Adaptive Computing's MOAB Suite provides an elevated queue to
accept tasks and control xCAT to provision the resources to
effectively meet the needs of the queue. Using MOAB with xCAT
and our own RAIN services could provide dynamic provisioning
and adaption of resources within a particular site-wide deployment
on the FutureGrid. With the creation and utilization of a wide
variety of UNIX-based Operating Systems, a configuration
management system is needed to keep everything working
properly. This includes managing and updating installed software,
adding security patches, maintaining configuration files and adding
host keys and certificates on the fly to xCAT provisioned nodes and
newly created virtual machines. This provides a seamless
environment for both the users as well as the system administrators.
With the vast array of virtual clusters and private clouds, a number
of head nodes are required to manage each system. While these
head nodes are not computationally intensive, they do need
dedicated resources on their own. This includes head nodes for
Nimbus clouds, Eucalyptus clouds, a PBS queue, and any other
user-determined distributed systems. It is important to note that
neither Moab, XCAT, BCFG2, or other tools which are often
referred to by members of the project are able to provide the
functionality needed for FG alone. In an implementation view they
provide portions of the functionality and we will see how these
tools can assist building the Architecture of FG. Together these
tools comprise the building blocks for our RAIN service.

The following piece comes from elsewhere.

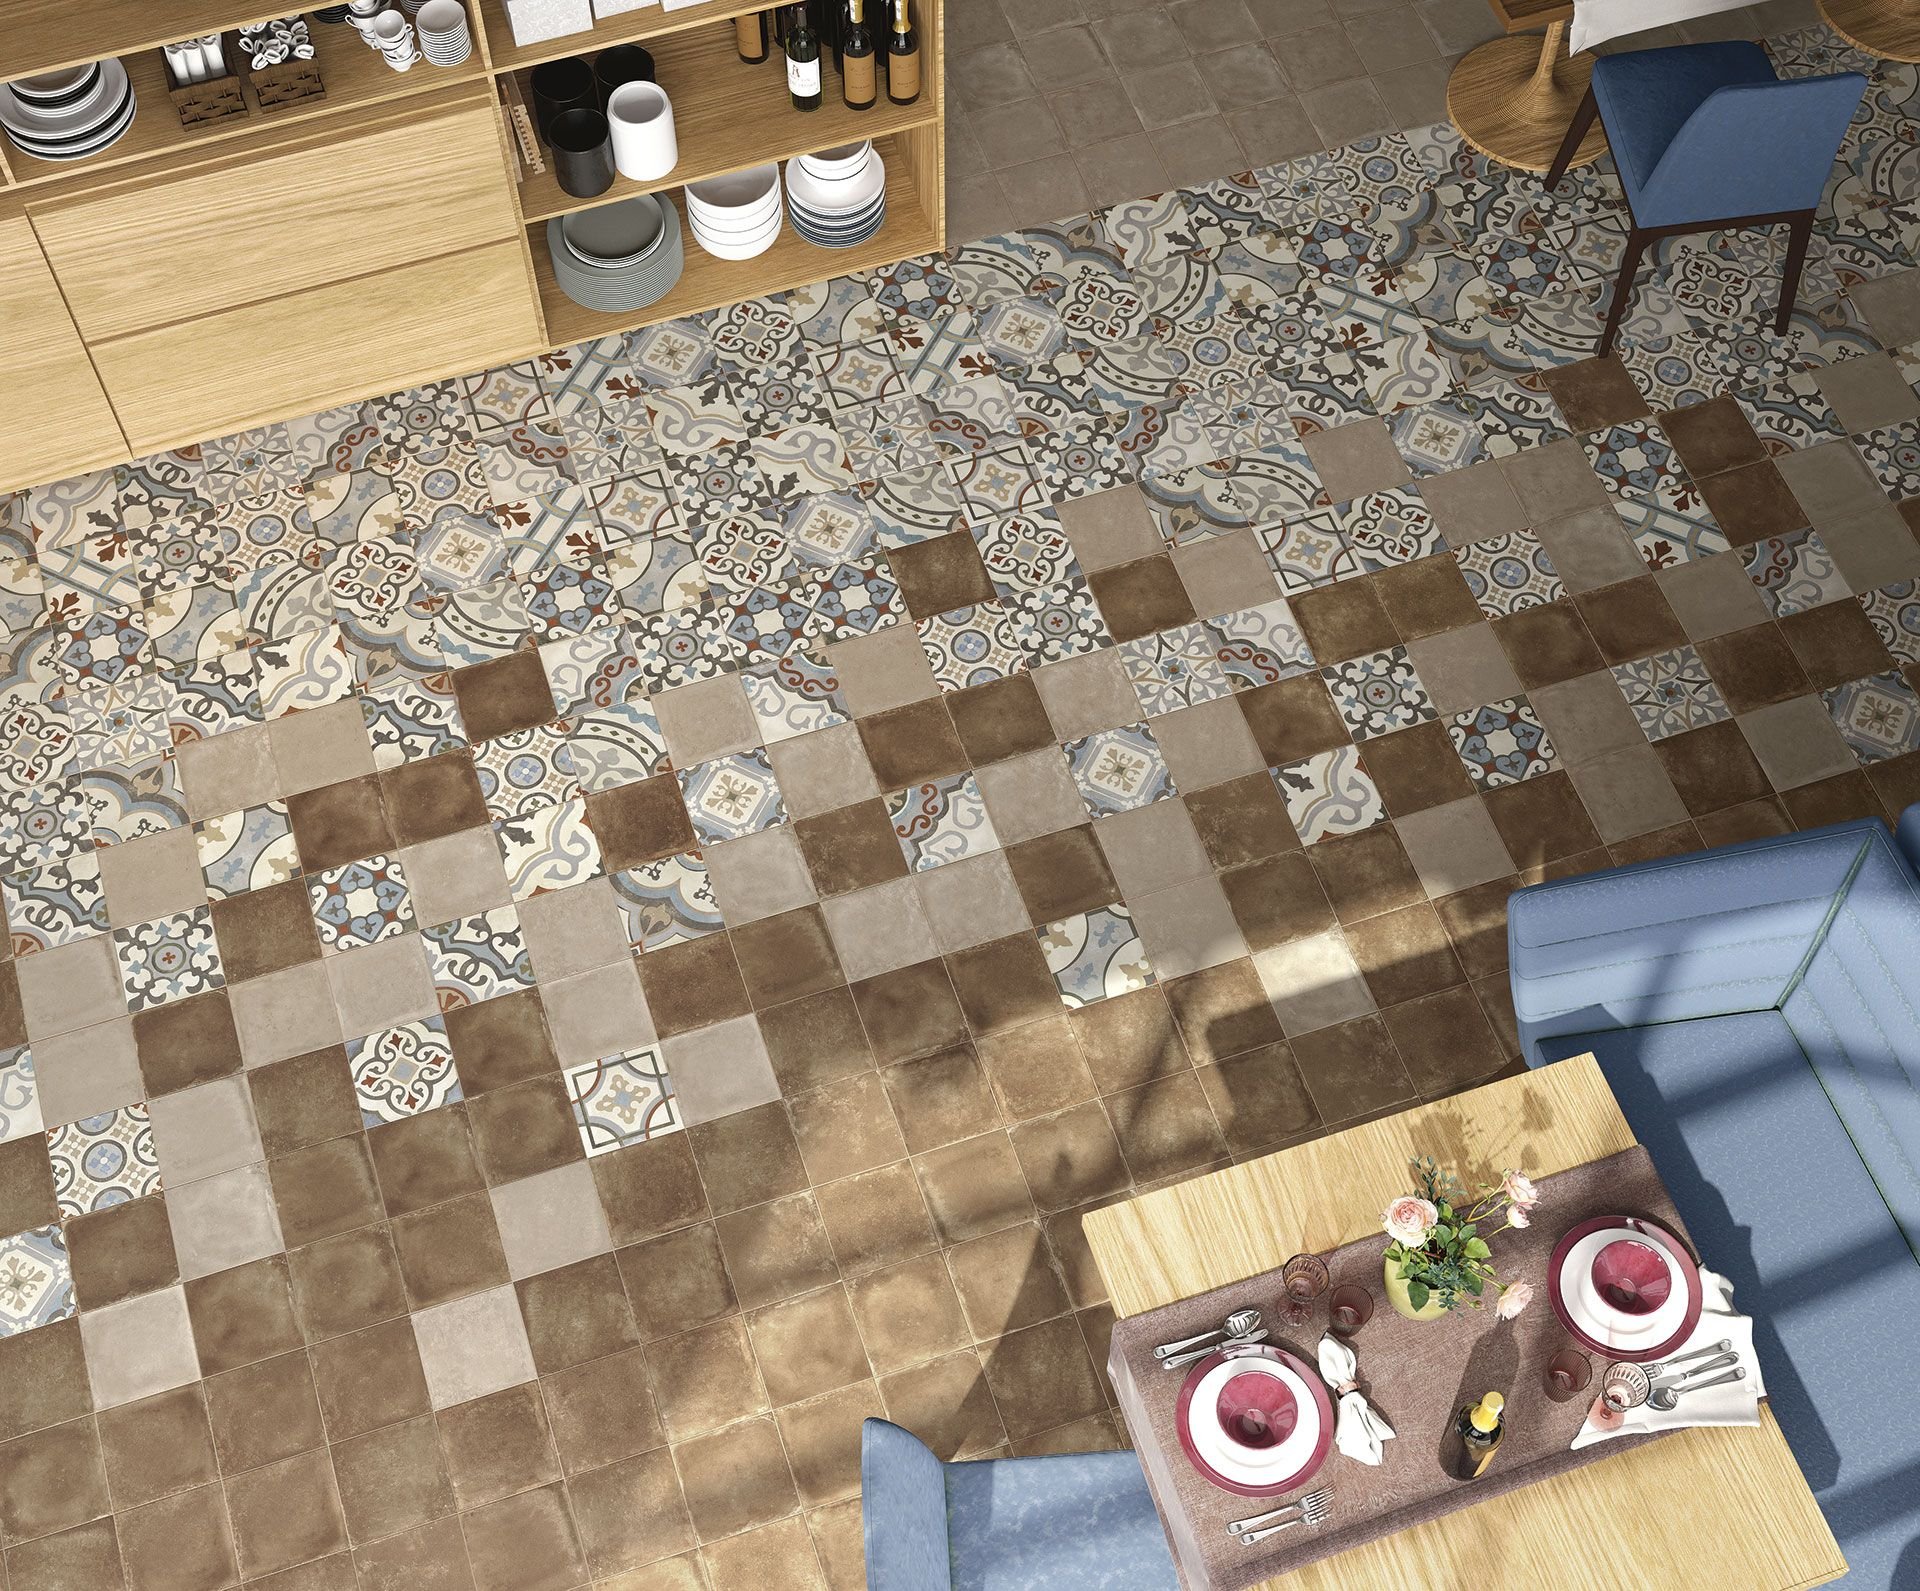 #Koupelna #Kuchyně #Obytné prostory #Patchwork #Retro #Rustikální styl #Malý formát #Matná dlažba #1000 - 1500 Kč/m2 #Elios Ceramica #D-esign Evo
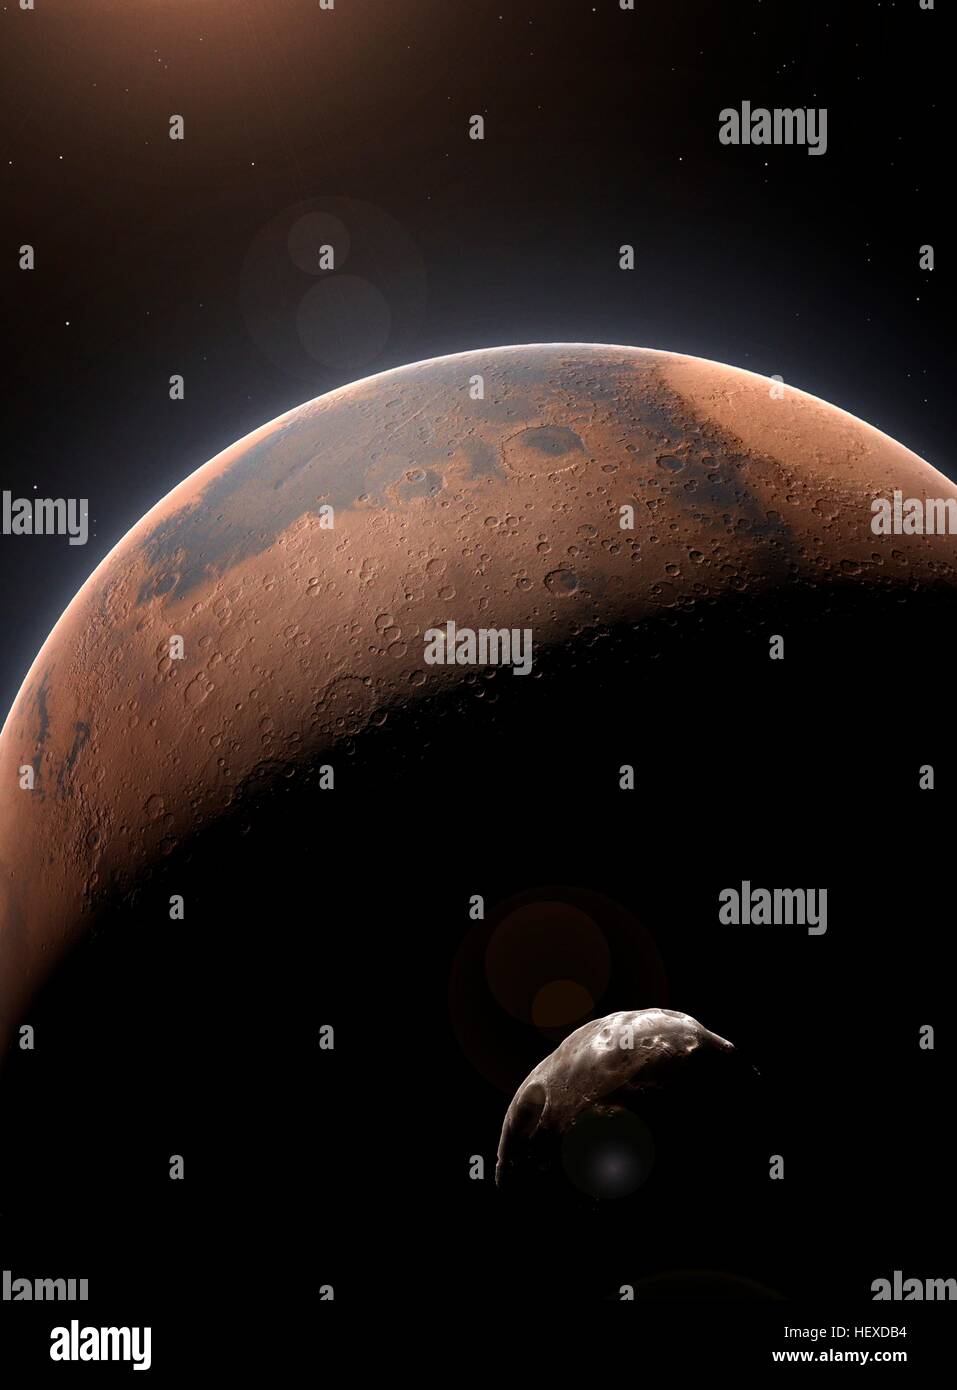 Einen Eindruck von den roten Planeten, Mars, der zweitkleinste Planet im Sonnensystem (nach Merkur). Seinem Innersten Mond Phobos, sieht man im Vordergrund. Stockfoto

The dynamic provisioning software architecture was deployed
onto a FutureGrid test platform called Gravel as well as the
production-level Sierra and India clusters. On Gravel the dynamic
provisioning scenario was tested using VirtualBox virtual
machines. The xCAT VirtualBox plugin was used to manage the
power attributes of the VMs and the Moab Service Manager’s
xCAT plugin was modified to add support for VirtualBox VMs and
emulated real FutureGrid infrastructure providing an ideal
development platform. The system was tested with various
RHEL5, CentOS5 and Fedora images using stateful and stateless
installs of each to obtain preliminary performance results. In a
stateless setup the time taken to have a node provisioned and ready
to accept jobs is affected by the time it takes to transfer the root
image over the network in addition to the boot up time of the node
with the image. When similar images were deployed using
stateless and stateful modes we found no documentable difference
between the boot times and the results varied between tests. The
size of the image is a large part of the boot times in both cases and
we plan to run further tests with smaller satellite images where the
core image is small and most of the tools and software are
mounted read only onto the image and study the best mode of
deployment.
Process View
About FutureGrid
The FutureGrid is an NSF-funded project which provides an
experimental platform that accommodates batch, grid and cloud
computing, allowing researchers to attack a range of research
questions associated with optimizing, integrating and scheduling
the different service models. FutureGrid will provide a significant
new experimental computing grid and cloud computing test-bed to
the research community, together with user support for third-party
researchers conducting experiments on FutureGrid. The test-bed
includes a geographically distributed set of heterogeneous
computing systems, a data management system that will hold both
metadata and a growing library of software images, and a
dedicated network allowing isolatable, secure experiments.